Suppose that we are asked to extend $$U = \left\{\begin{bmatrix} 1\\1 \\0 \end{bmatrix}, \begin{bmatrix} 1\\0 \\-1 \end{bmatrix}\right\}$$ to a basis of $$\mathbb{R}^3$$. Since the dimension of $$\mathbb{R}^3$$ is three and $$U$$ already contains two linearly independent vectors, all we need to do is to find a vector in $$\mathbb{R}^3$$ that is not in the span of $$U$$. The question is, how do we find such a vector when there are infinitely many vectors in $$\mathbb{R}^3$$ to choose from?

We will do something clever by making the following observation: As $$\mathbb{R}^3$$ is spanned by $$\left\{\begin{bmatrix} 1\\0\\0\end{bmatrix}, \begin{bmatrix} 0\\1\\0\end{bmatrix}, \begin{bmatrix} 0\\0\\1\end{bmatrix}\right\}$$, there must be at least one vector in the set that cannot be written as a linear combination of vectors in $$U$$. Otherwise the span of $$U$$ will contain $$\mathbb{R}^3$$, which is impossible because there are only two vectors in $$U$$.

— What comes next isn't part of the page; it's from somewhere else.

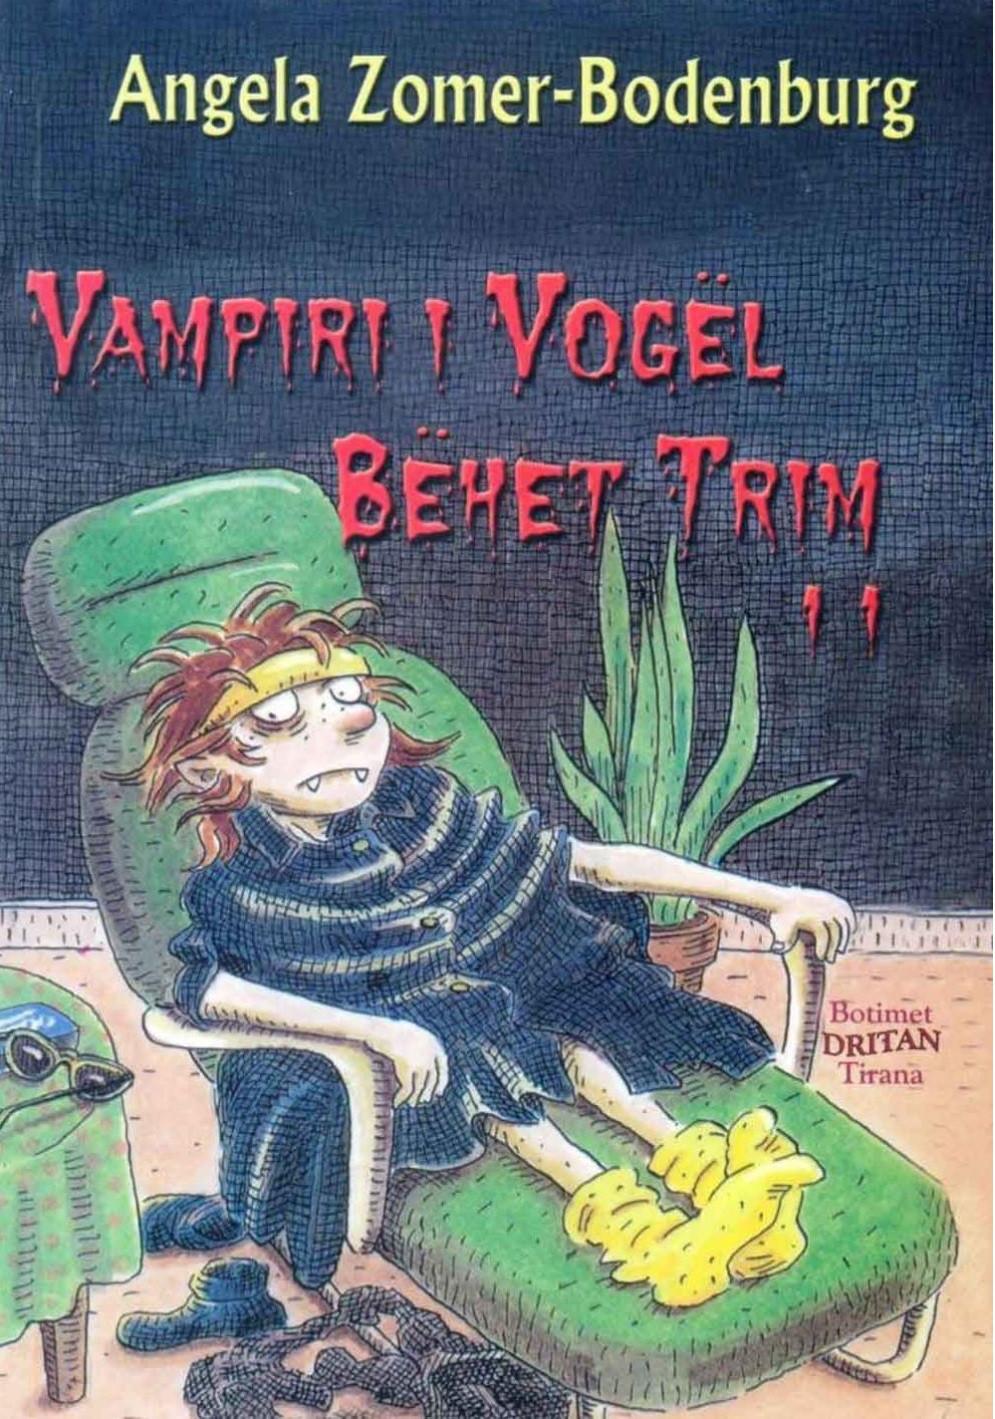 Vampiri i vogel 11 behet trim

In other words, we are trying to solve $$Ax = b$$ where the columns of $$A$$ are the vectors in $$U$$ and $$x = \begin{bmatrix} x_1\\x_2\end{bmatrix}$$ for each choice of $$b$$ from $$\left\{\begin{bmatrix} 1\\0\\0\end{bmatrix}, \begin{bmatrix} 0\\1\\0\end{bmatrix}, \begin{bmatrix} 0\\0\\1\end{bmatrix}\right\}$$. Since all three systems have the same coefficient matrix, we can simply row reduce the extended augmented matrix: $\left[ \begin{array}{rr|rrr} 1 & 1 & 1 & 0 & 0\\ 1 & 0 & 0 & 1 & 0\\ 0 & -1 & 0 & 0 & 1 \end{array} \right].$ Interchanging rows 1 and 2, we obtain $\left[ \begin{array}{rr|rrr} 1 & 0 & 0 & 1 & 0\\ 1 & 1 & 1 & 0 & 0\\ 0 & -1 & 0 & 0 & 1 \end{array} \right].$ Performing $$R_2 \leftarrow R_2 - R_1$$ gives $\left[ \begin{array}{rr|rrr} 1 & 0 & 0 & 1 & 0\\ 0 & 1 & 1 & -1 & 0\\ 0 & -1 & 0 & 0 & 1 \end{array} \right].$ Performing $$R_3 \leftarrow R_3 + R_2$$ gives $\left[ \begin{array}{rr|rrr} 1 & 0 & 0 & 1 & 0\\ 0 & 1 & 1 & -1 & 0\\ 0 & 0 & 1 & -1 & 1 \end{array} \right].$ From the bottom row, we see that none of the three vectors can be written as a linear combination of vectors in $$U$$. That means we could add any of them to $$U$$. The resulting set will have three linearly independent vectors and will therefore span $$\mathbb{R}^3$$.

## Exercise

1. Let $$P_2$$ denote the vector space of polynomials in $$x$$ with real coefficients having degree at most $$2$$. Extend $$\{x-1, x^2-x + 2\}$$ to a basis of $$P_2$$.

2. What is the largest possible dimension of a proper subspace of the vector space of $$2 \times 3$$ matrices with real entries?

3. Let $$B = \{v_1,\ldots, v_n\}$$ be a basis of $$\mathbb{R}^n$$. $$B$$ is said to be an orthogonal basis if the dot product of $$v_i$$ and $$v_j$$ is $$0$$ for all distinct $$i, j \in \{1,\ldots, n\}$$. For example, the basis $$\left\{\begin{bmatrix} 1\\0\\0\end{bmatrix}, \begin{bmatrix} 0\\1\\0\end{bmatrix}, \begin{bmatrix} 0\\0\\1\end{bmatrix}\right\}$$ is an orthogonal basis of $$\mathbb{R}^3$$.

1. Extend $$\left\{\begin{bmatrix} 1\\-2\end{bmatrix}\right\}$$ to an orthogonal basis of $$\mathbb{R}^2$$.

2. Extend $$\left\{\begin{bmatrix} 1\\0\\ -1 \end{bmatrix}, \begin{bmatrix} 1\\2\\ 1 \end{bmatrix}\right\}$$ to an orthogonal basis of $$\mathbb{R}^3$$.